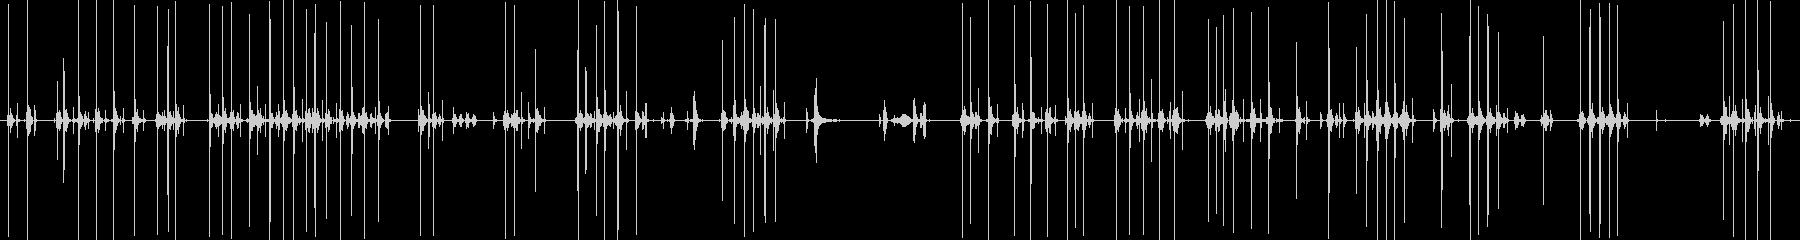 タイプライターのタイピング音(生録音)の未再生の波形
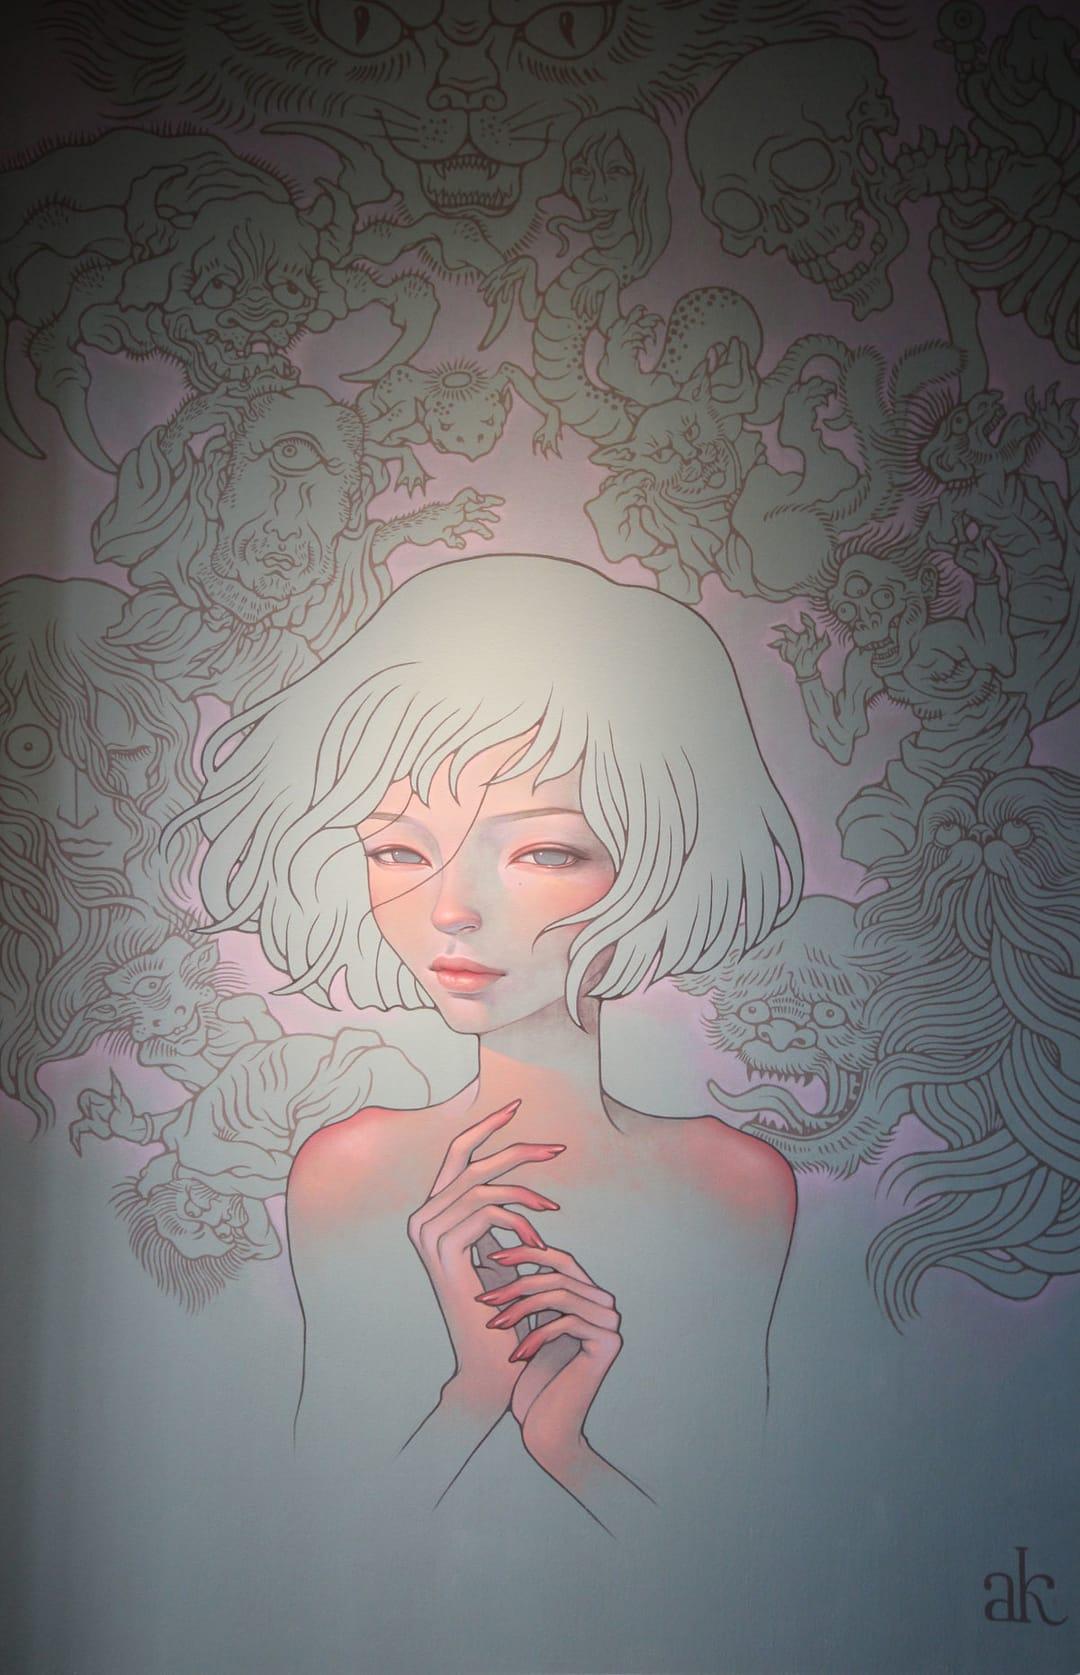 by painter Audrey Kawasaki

...

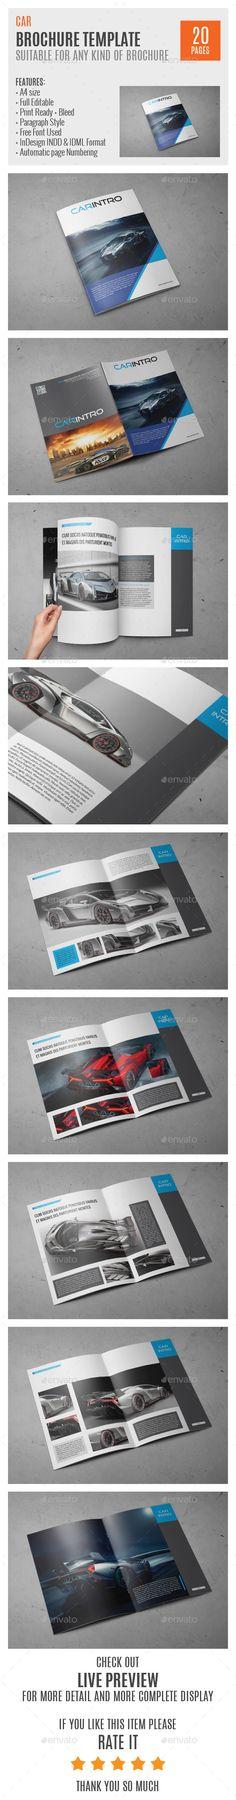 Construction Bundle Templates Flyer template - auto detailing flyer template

[Required action]
Only one stretch of the material above is wanted: the line containing "タイプライターのタイピング音(生録音)の未再生の波形" through the line containing "by painter Audrey Kawasaki". Restate it word for word, minus the pictures.

[Response to the task]
 タイプライターのタイピング音(生録音)の未再生の波形
 by painter Audrey Kawasaki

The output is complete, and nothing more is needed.